Trudo Lemmens is a professor at the University of Toronto’s Faculty of Law.

The latest postponement of the introduction of medical assistance in dying (MAID) for Canadians for whom mental illness was the sole condition can be critiqued. But it’s better than launching a Supreme Court reference.

When the government first introduced a bill to expand MAID eligibility in 2020, it excluded mental illness as a sole basis for MAID. Its Charter statement cited the “inherent risks and complexity,” unpredictable disease progression, and other broad concerns. As MAID remains a Criminal Code exemption to prohibitions of assisted suicide and homicide, setting out additional protections for those at particular risk of death is clearly a valid criminal-law objective. Yet, a group of dogged senators led by Stan Kutcher amended the bill to allow MAID for mental illness after 18 months. The House of Commons debated and passed that amendment in one afternoon.

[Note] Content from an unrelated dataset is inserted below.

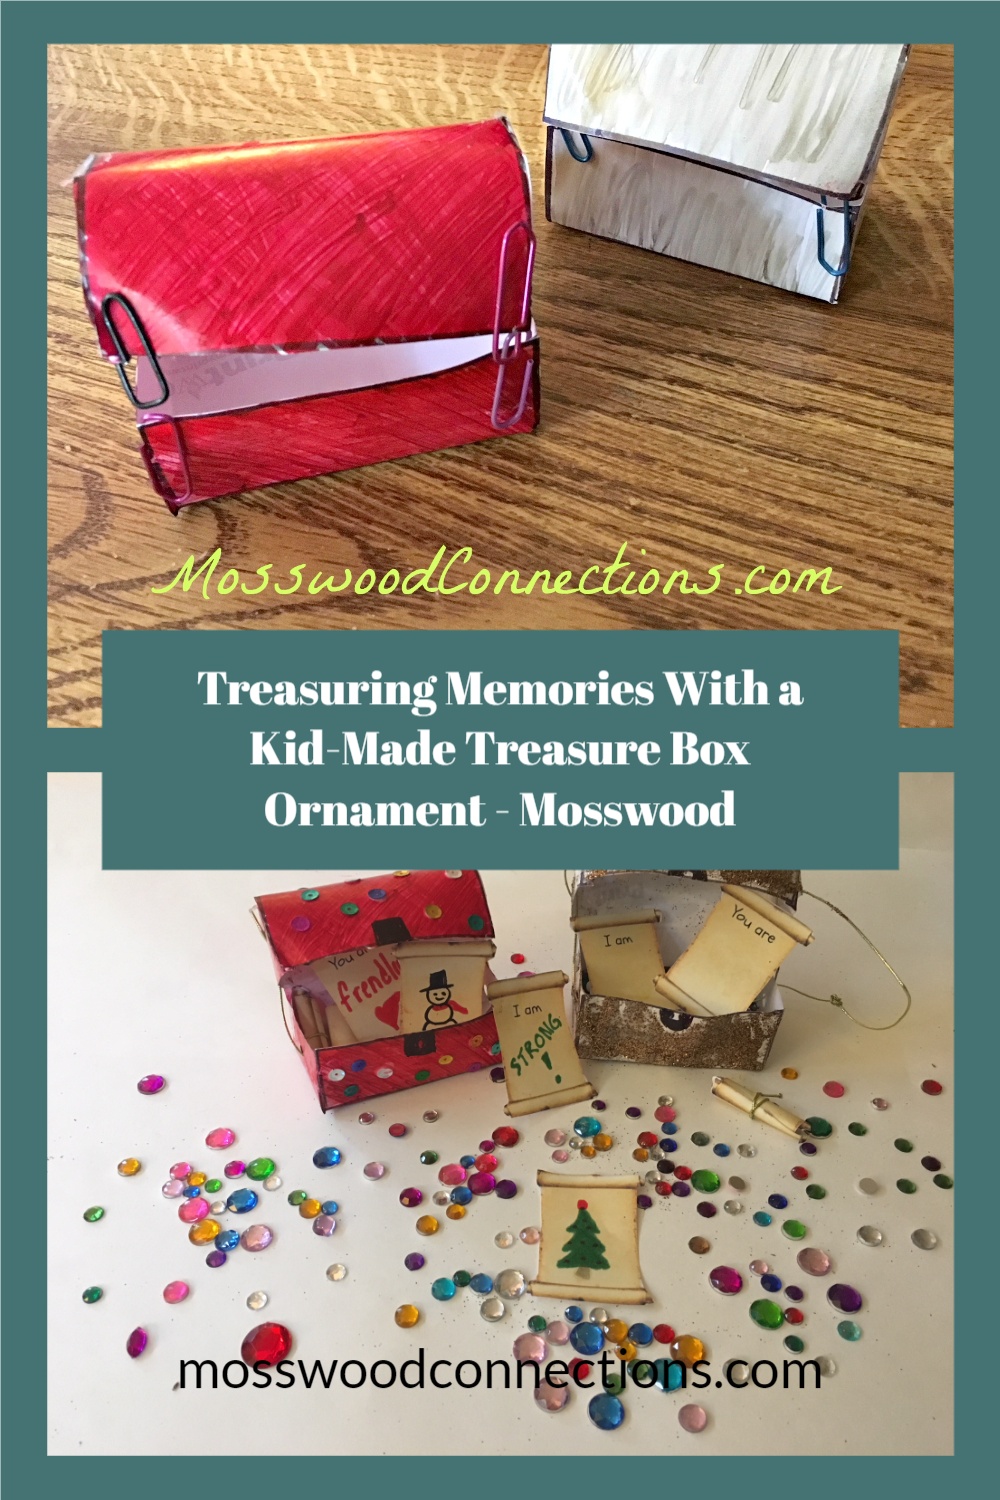 Treasuring Memories With a Kid-Made Treasure Box Ornament #mosswoodconnections #kid-madedcorations #ornaments #crafts #holidays

Have those initial Charter concerns since been invalidated? Senators who pushed from day one for broad access to MAID say we are now more than ready, based on the experts who agreed in testimony at the Special Joint Committee on Medical Assistance in Dying, and the fact that some of those experts co-authored a federal report and designed model practice standards and educational programs.

That, however, is part of the problem: a small group of ardent supporters of expansive MAID, framing it as a quasi-inherent benefit, appears to have largely directed Canada’s MAID policy. Even after two members resigned from the federal expert panel because they felt their concerns were ignored, some panel members were tasked with developing practice standards. As a result, Canadian guidance and standards primarily focus on access to, not protection against, death.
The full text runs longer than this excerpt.